This week, as thunderstorms of both a meteorological and a political persuasion rage across Hungary, I am grateful that I get to indulge myself every now and then with trips to the sea. I am grateful, too, that my wishes are not vain. One day…

Note: For a reminder of what the Grateful series is about, check out Grateful 52

2013 Grateful 35

A good friend of mine once told me that he envied me my faith. Another, a confirmed ‘dirt man’, thought that it must make life a little easier but wondered how I managed to be so matter-of-fact, while living in a world based not on scientific facts and figures – hard data – but on tenuous concepts and strange beliefs.

There’s a great expression used at home that has become a mantra of sorts for me – if it’s for me, it won’t pass me.
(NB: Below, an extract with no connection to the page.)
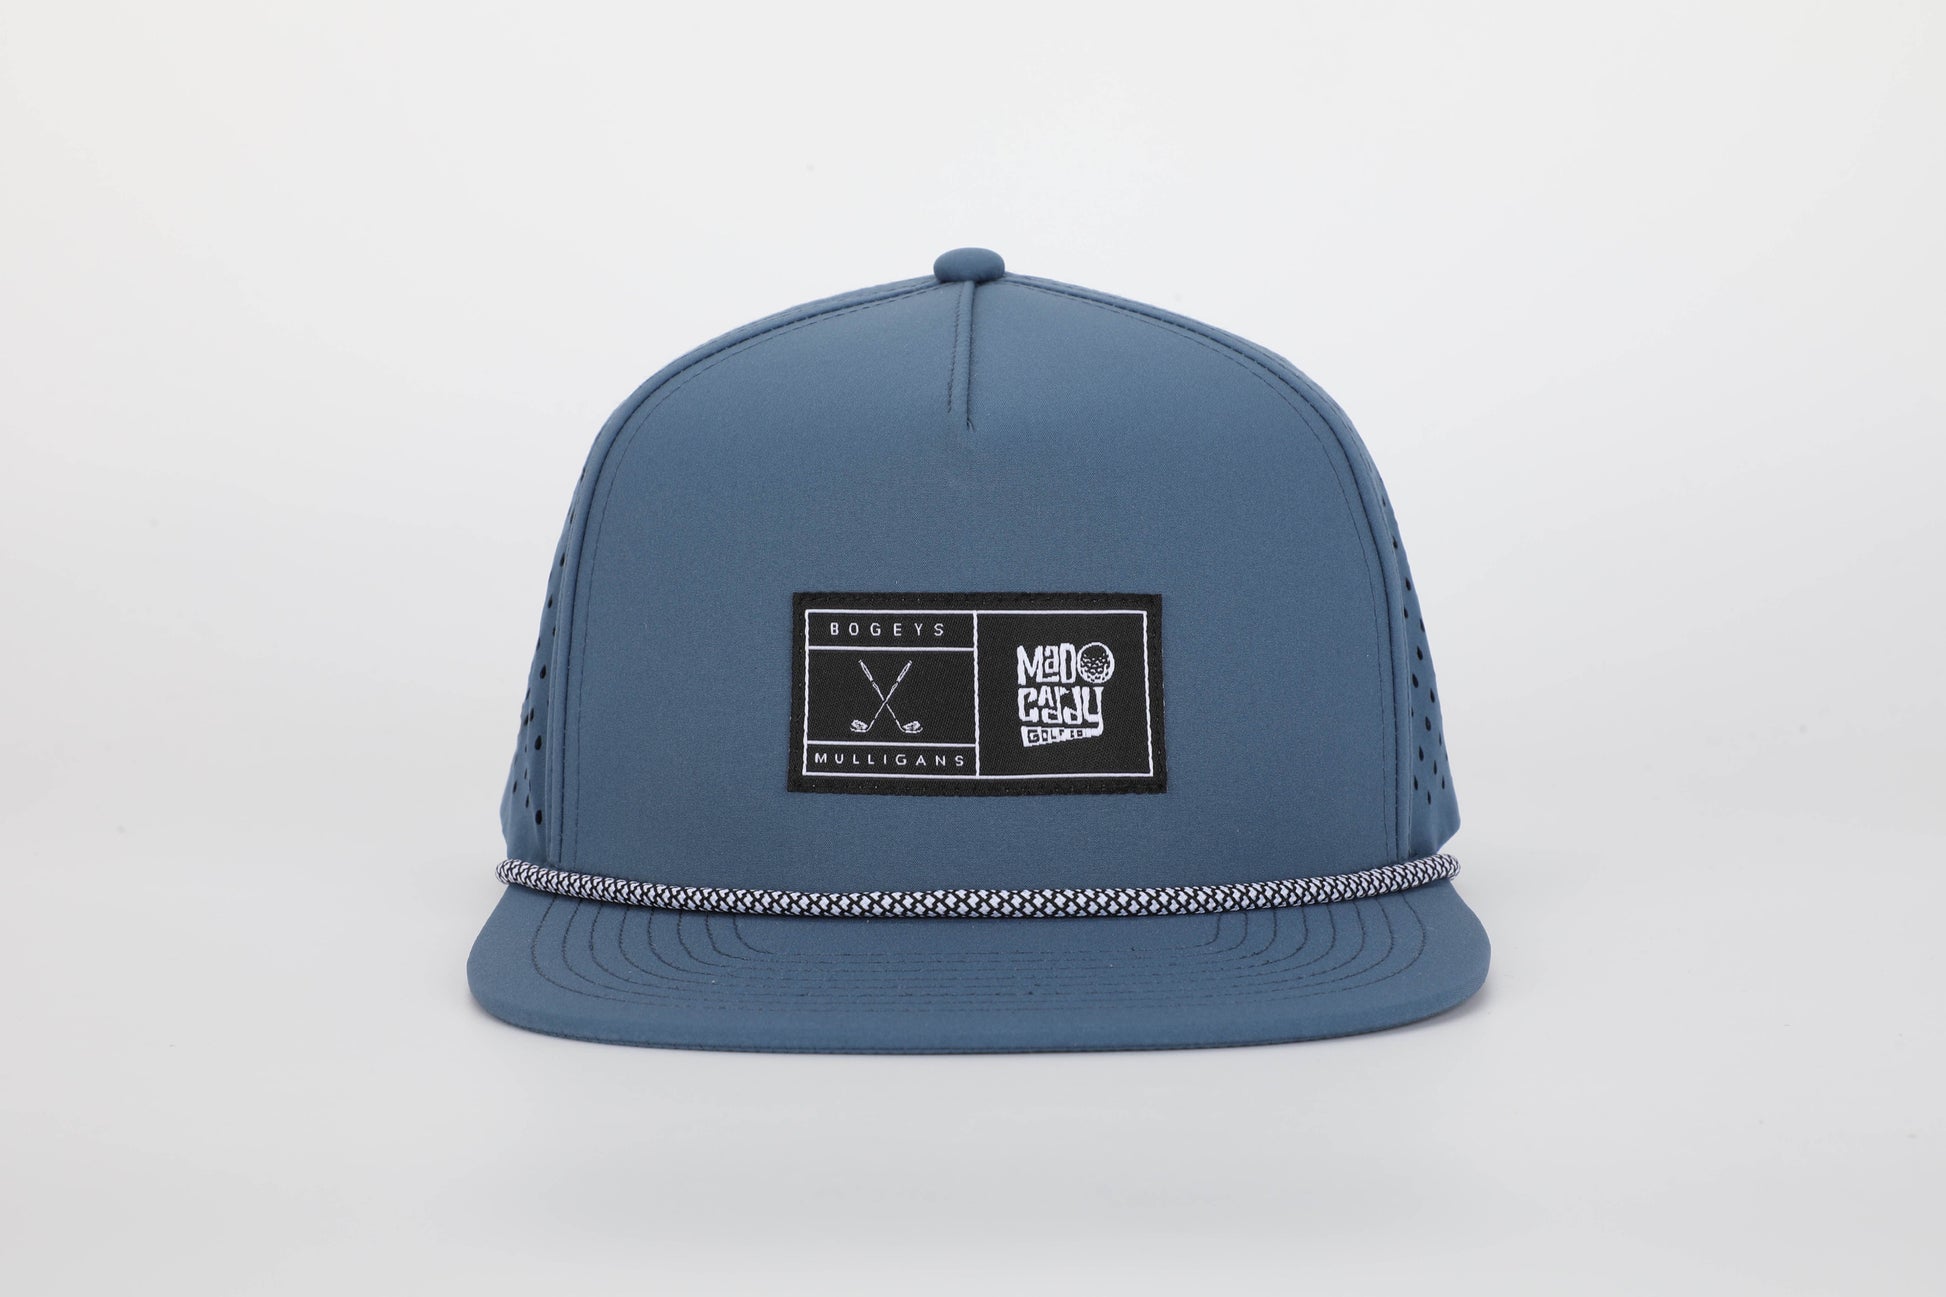 Bogeys x Mulligans Hat - Navy Blue | Mad Caddy Golf

End of story. Clean. Simple. Precise. What’s due to me will come to me – not necessarily on my schedule, mind you, but in the end, it’ll all work out for the best. Some might consider this trite. Others might think it  a cop-out. The very idea that each of us has a predestined life plan seems at face value to negate the concept of free will. I’ve long since given up debating the point – all I know is that faith works for me. Having faith, knowing with unqualified certainty that what is meant to be will be, believing that everything will work out for the best – call it faith, call it whatever – it works… for me.

In Latvia last week, we ventured north of Riga to the seaside town of Majori. There I saw faith of another sort – or perhaps the same, not that it matters much.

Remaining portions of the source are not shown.